I have a really large csv file that I opened in pandas as follows....

import pandas
df = pandas.read_csv('large_txt_file.txt')

Once I do this my memory usage increases by 2GB, which is expected because this file contains millions of rows. My problem comes when I need to release this memory. I ran....

del df

However, my memory usage did not drop. Is this the wrong approach to release memory used by a pandas data frame? If it is, what is the proper way?
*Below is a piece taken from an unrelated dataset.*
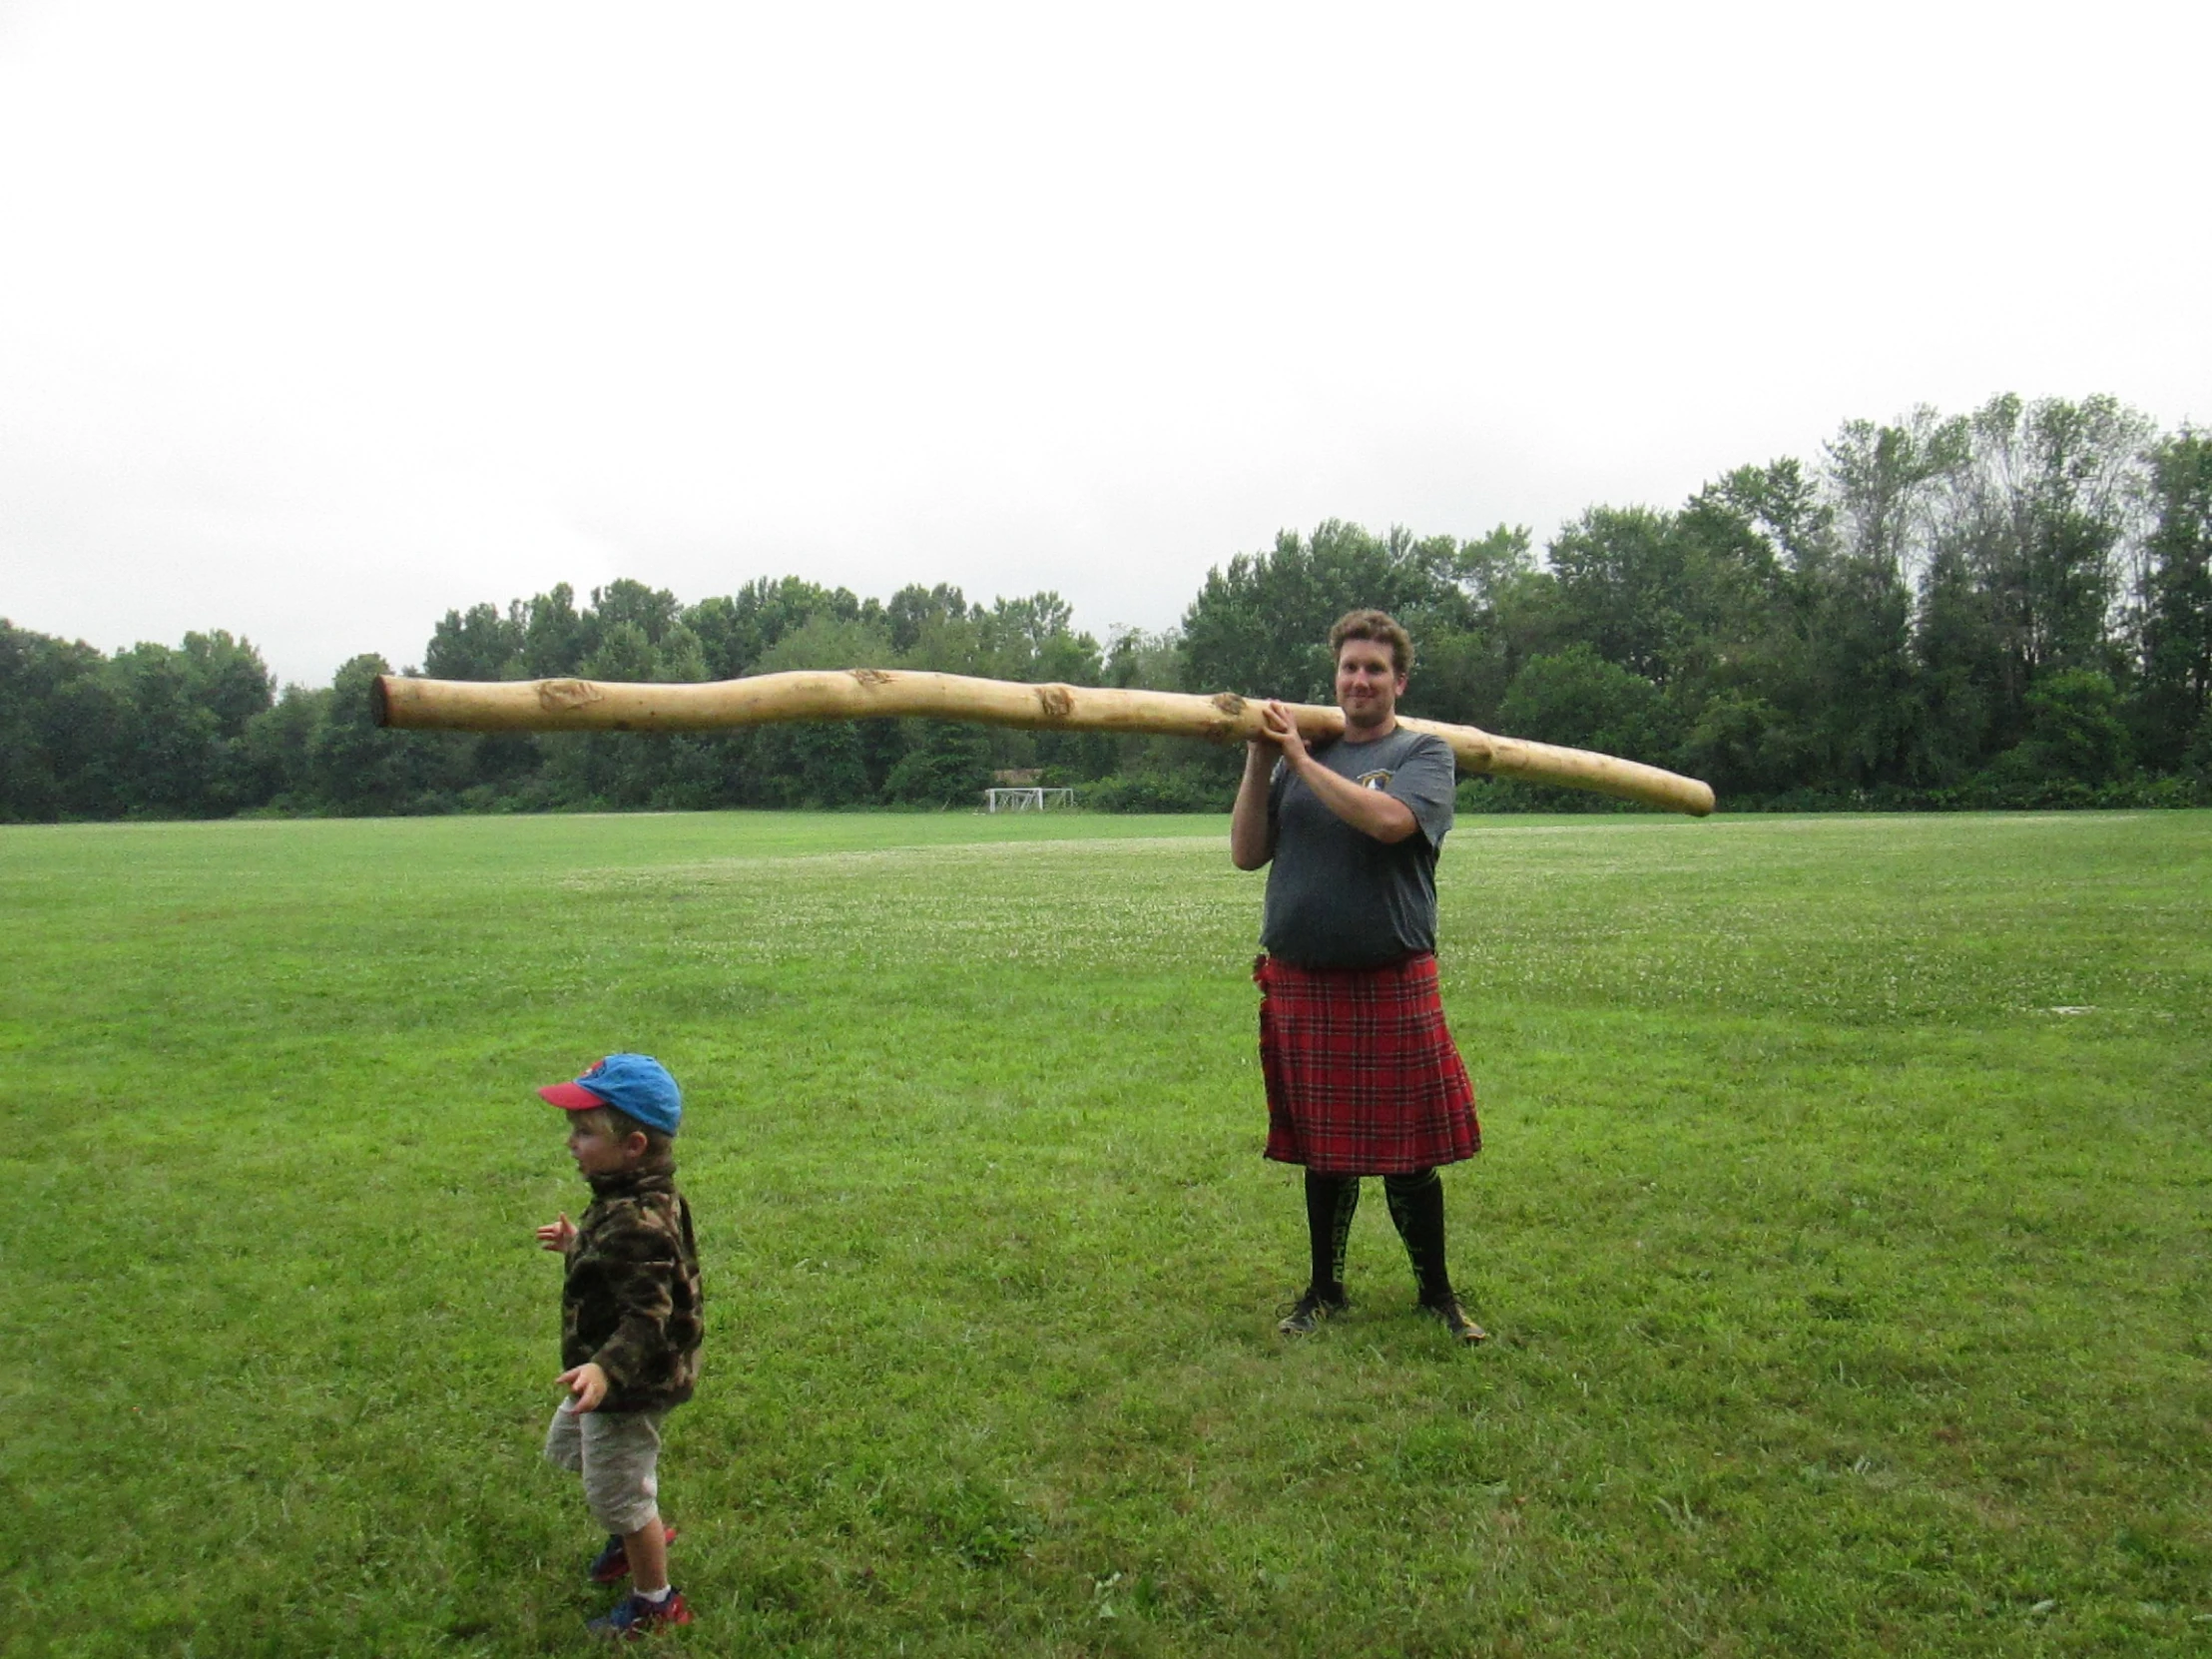 a man standing next to a small boy holding a baseball bat

This question is related to python pandas memory

The answer is


This solves the problem of releasing the memory for me!!!

import gc
import pandas as pd

del [[df_1,df_2]]
gc.collect()
df_1=pd.DataFrame()
df_2=pd.DataFrame()

the data-frame will be explicitly set to null

in the above statements

Firstly, the self reference of the dataframe is deleted meaning the dataframe is no longer available to python there after all the references of the dataframe is collected by garbage collector (gc.collect()) and then explicitly set all the references to empty dataframe.

more on the working of garbage collector is well explained in https://stackify.com/python-garbage-collection/


del df will not be deleted if there are any reference to the df at the time of deletion. So you need to to delete all the references to it with del df to release the memory.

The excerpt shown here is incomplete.